Она постаралась, чтобы голос не дрожал:

— Да… так нужно…

— Всё хорошо, Алён?

— Да… всё хорошо…

Она схватила сумочку, закинула туда телефон и сигареты. У двери спальни чуть задержалась:

— Я позвоню… не беспокойся…

Он улыбнулся, делая вид, что всё хорошо. Алёна невольно залюбовалась его голым торсом. Алик был красивым мужиком и хорошим любовником. И может, стал бы её мужем, если она родила ему ребёнка. Вот только она не могла забеременеть.

Алёна послала воздушный поцелуй, чтобы Алик хоть немного отошёл.

— Не вставай, я захлопну дверь.

— Хорошо, зайчуш… не забудь позвонить или написать.

Она ничего не сказала, хоть и терпеть не могла, когда он обращался к ней не по имени. От всех этих мимимишных «зайчуш», «малышек» и прочего у неё начинало дёргаться левое веко. Но сейчас это не имело значения. Алик отошёл на второй план, так же, как и дела в клинике. Алёна написала администратору, чтобы отменила все приёмы на ближайшие пару недель. Запоздало подумала, что писать ночью не очень-то прилично, но сообщение уже ушло...

Лифт не работал. Она быстренько сбежала вниз по ступенькам.

Улица встретила мелким моросящим дождиком, прохладой летней ночи, ветерком.

— Ну что, подруга, удачи тебе! — сказала Алёна сама себе и села в автомобиль.

Через час она уже была на трассе. Мчалась в деревню, где родилась и выросла, со скоростью, которую никогда себе не позволяла. Руки вцепились в руль так, что костяшки пальцев побелели. Глаза сосредоточенно глядели на дорогу. Правая ладонь начинала зудеть.

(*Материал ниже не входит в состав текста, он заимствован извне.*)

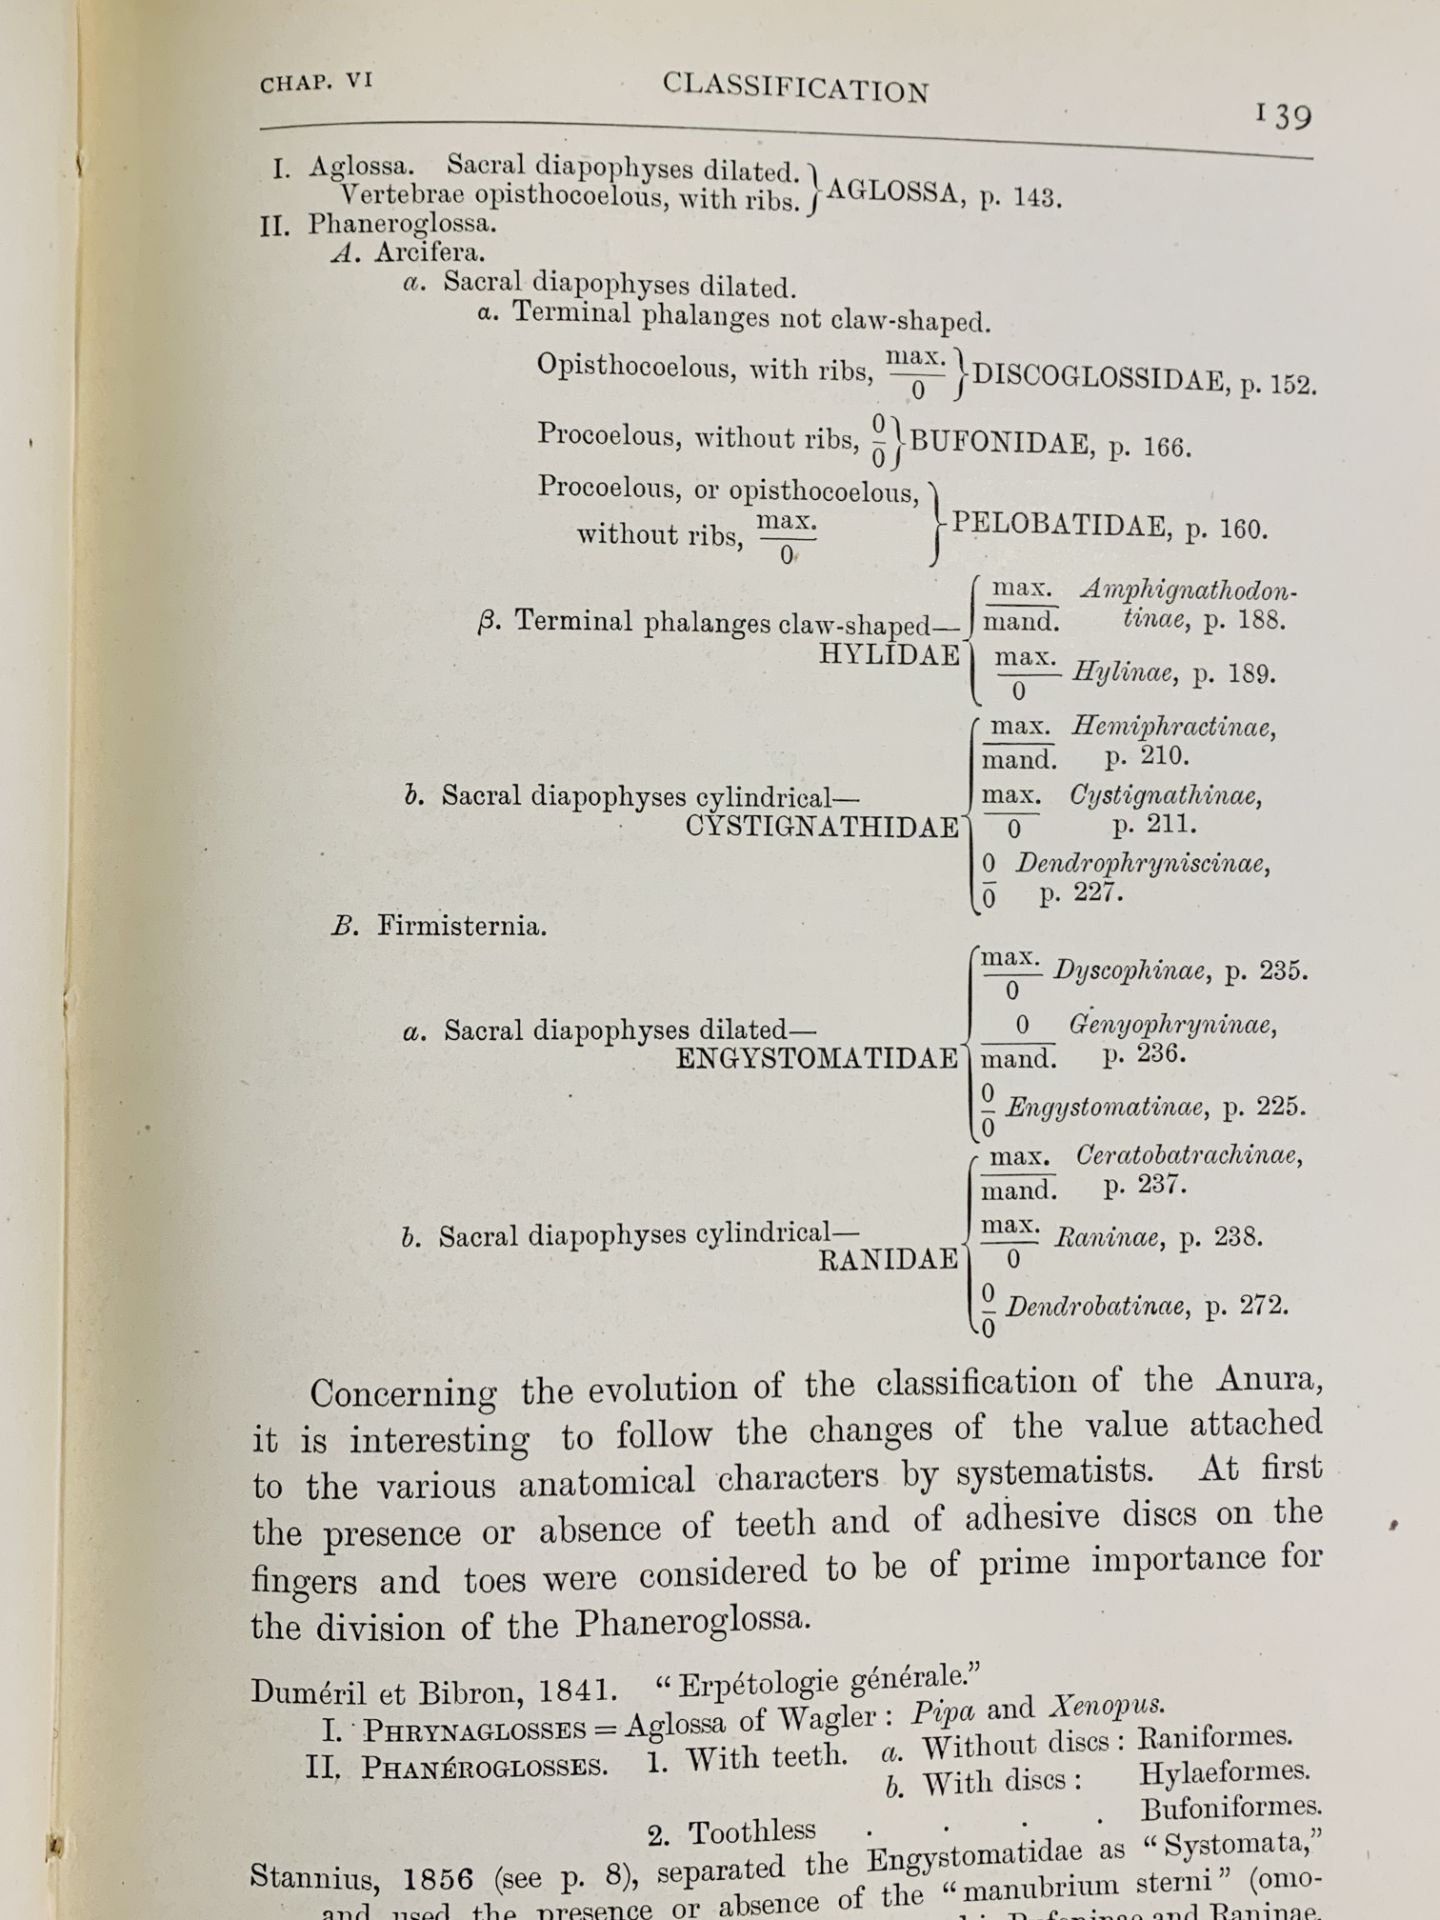 The Cambridge Natural History, 10 volume set published 1895-1913 - Image 3 of 4

Дворники лениво размазывали капли дождя по стеклу.

Трасса была пустынна ночью. Лишь изредка с грохотом мимо проносились фуры, да проезжали легковушки. А вскоре, когда Алёна свернула с федеральной трассы на просёлочную дорогу, то вовсе наступила тишь. Ни одного автомобиля. Никого. Ночь, лес и поле.

Алёна сбавила скорость, включила магнитолу. Мысли крутились в голове одна противоречивей другой. Хотелось плюнуть на всё, развернуться обратно. Но…

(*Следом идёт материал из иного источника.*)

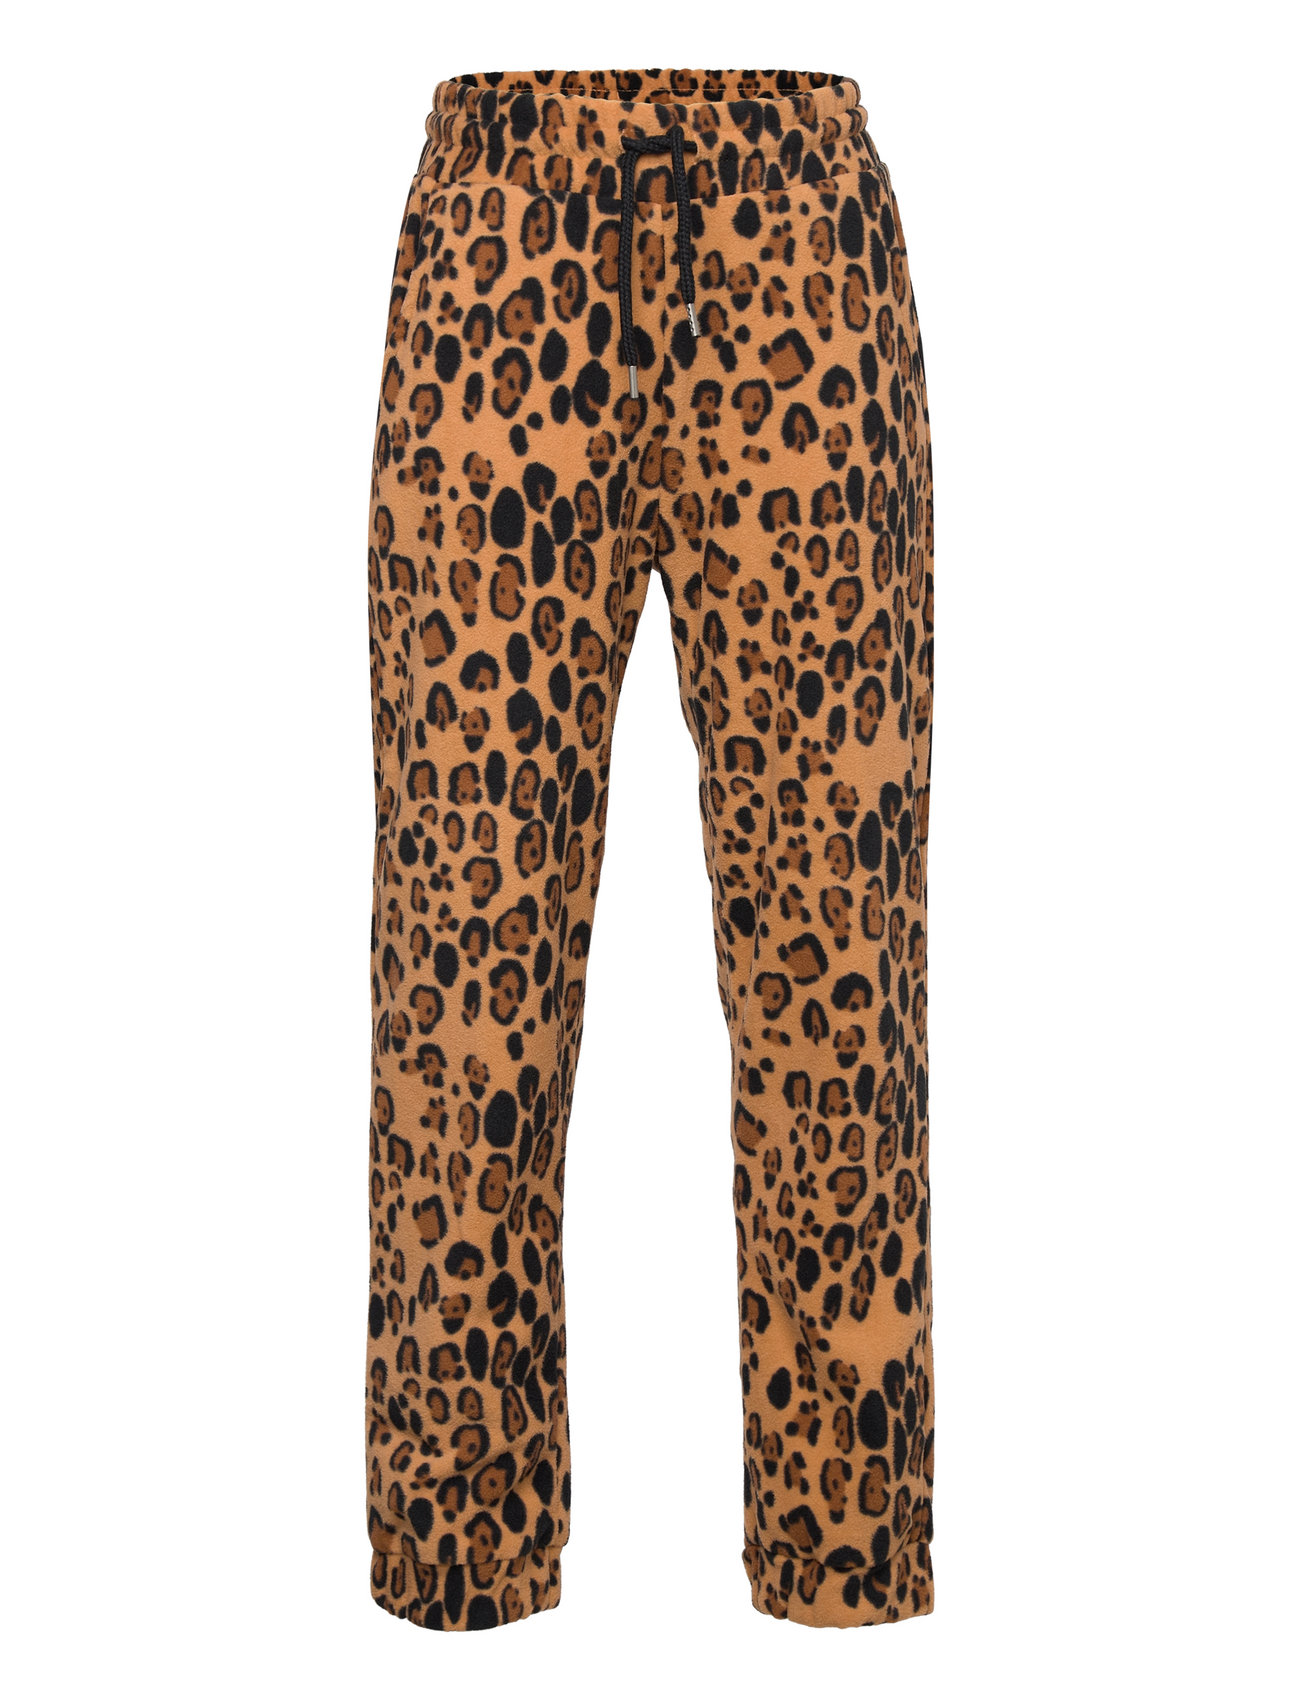 Leopard Fleece Trousers Patterned Mini Rodini

«Ангел проснулся…» — от этой мысли внутри всё сжималось, а в глазах начинало щипать…

В лобовое стекло что-то шмякнулось.

Она едва не выпустила руль. Резко затормозила, вышла из машины. По стеклу лобовухи растеклось кровавое пятно, прилипло немного пуха. К горлу Алёны подкатила тошнота. Но не от отвращения, а от жалости.

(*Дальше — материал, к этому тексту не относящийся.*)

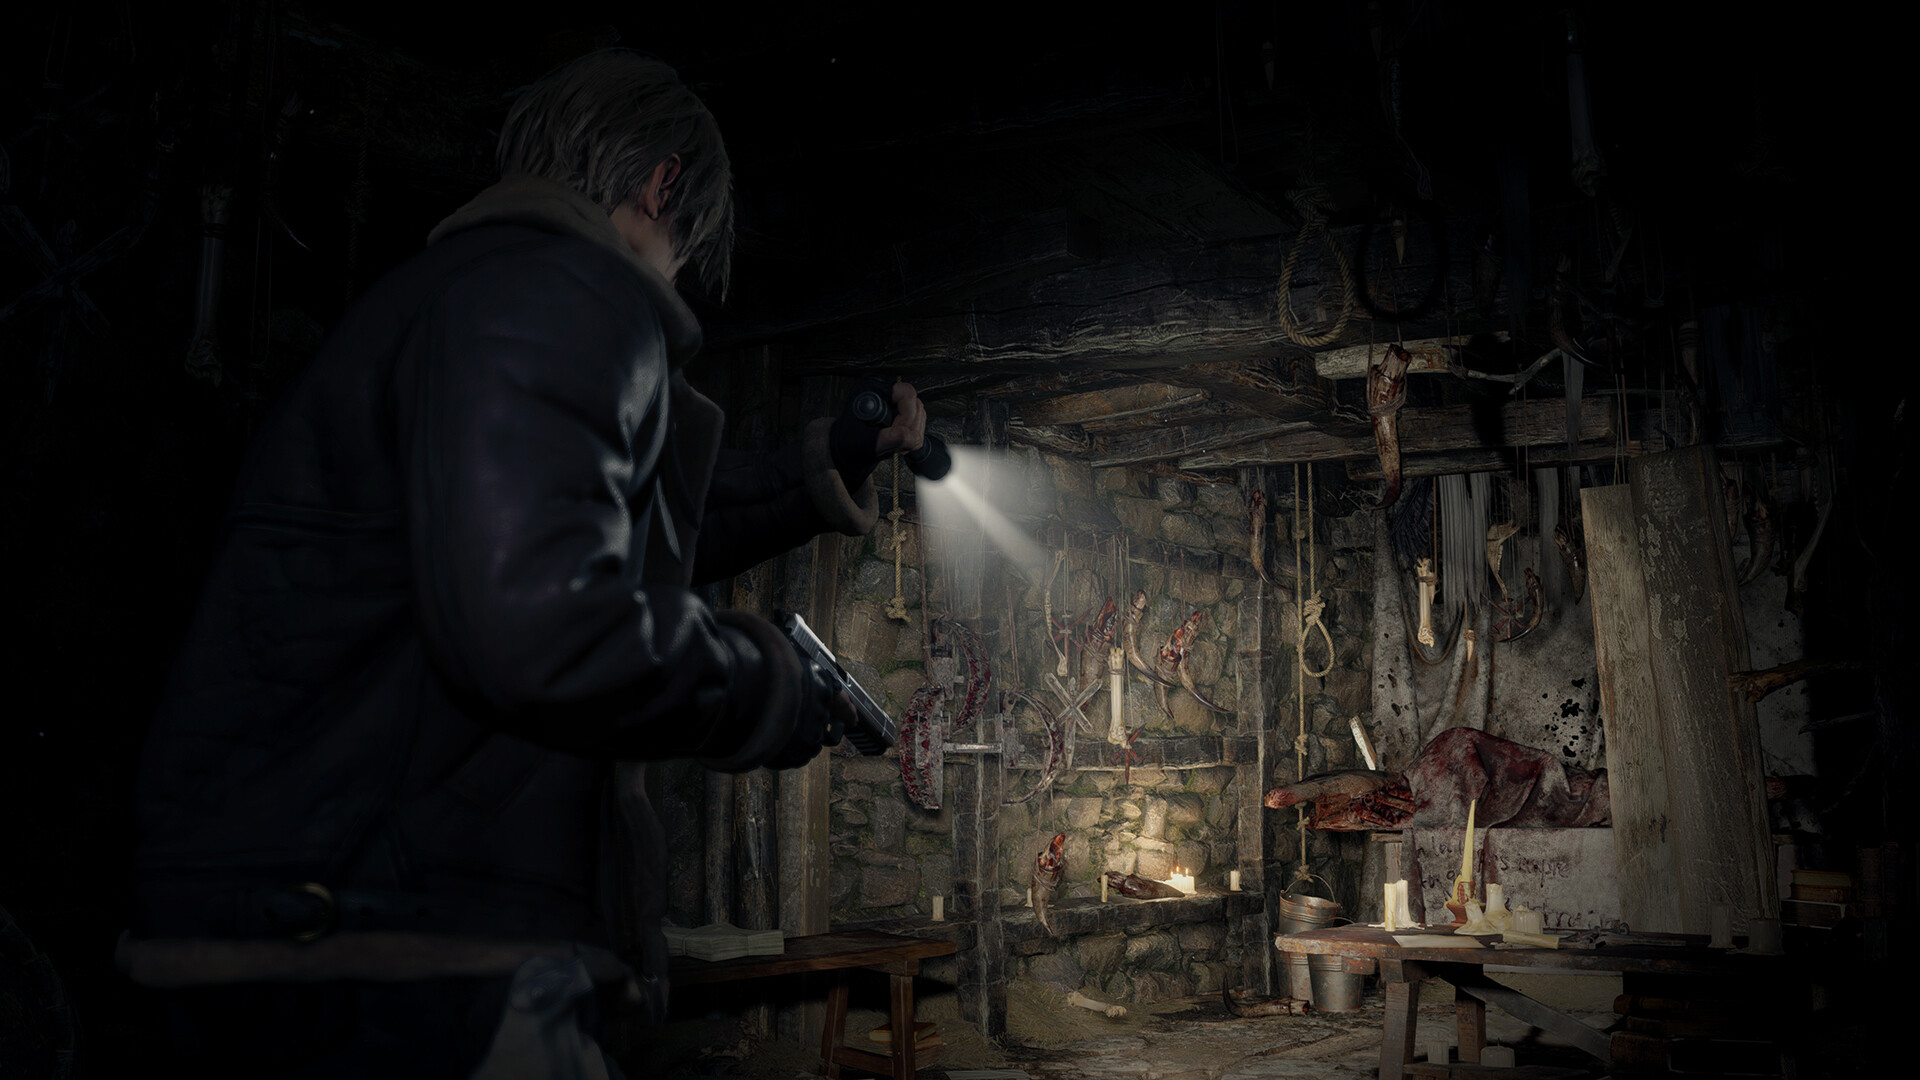 Review: Resident Evil 4 Remake

Маленький трупик распластался на капоте. Алёна осторожно взяла в руки мёртвую птаху и подула. Ничего не произошло, птица не ожила. Ещё бы, ведь Алёна — не Ангел…

…На вид ему было лет восемь или девять, светловолосый и голубоглазый, щуплый и болезненно-бледный, несмотря на жаркое лето. Он появился словно из ниоткуда, взял в руки трупик птички и осторожно подул на него. А потом подкинул крошечный комочек из переломанных косточек и перьев. Птичка, уже целая и невредимая, взлетела и, чирикая, уселась на ветку дерева. Три девчонки, свидетельницы сего чуда, изумлённо переводили взгляды с птицы на мальчика. Он улыбнулся и сказал, что сделал из плохого хорошее. Тася виновато потупила взгляд. Именно она раздавила птицу, переехала велосипедом. Лидка от восхищения разинула рот. У Алёны в голове пульсировала мысль — так не должно быть, это неправильно…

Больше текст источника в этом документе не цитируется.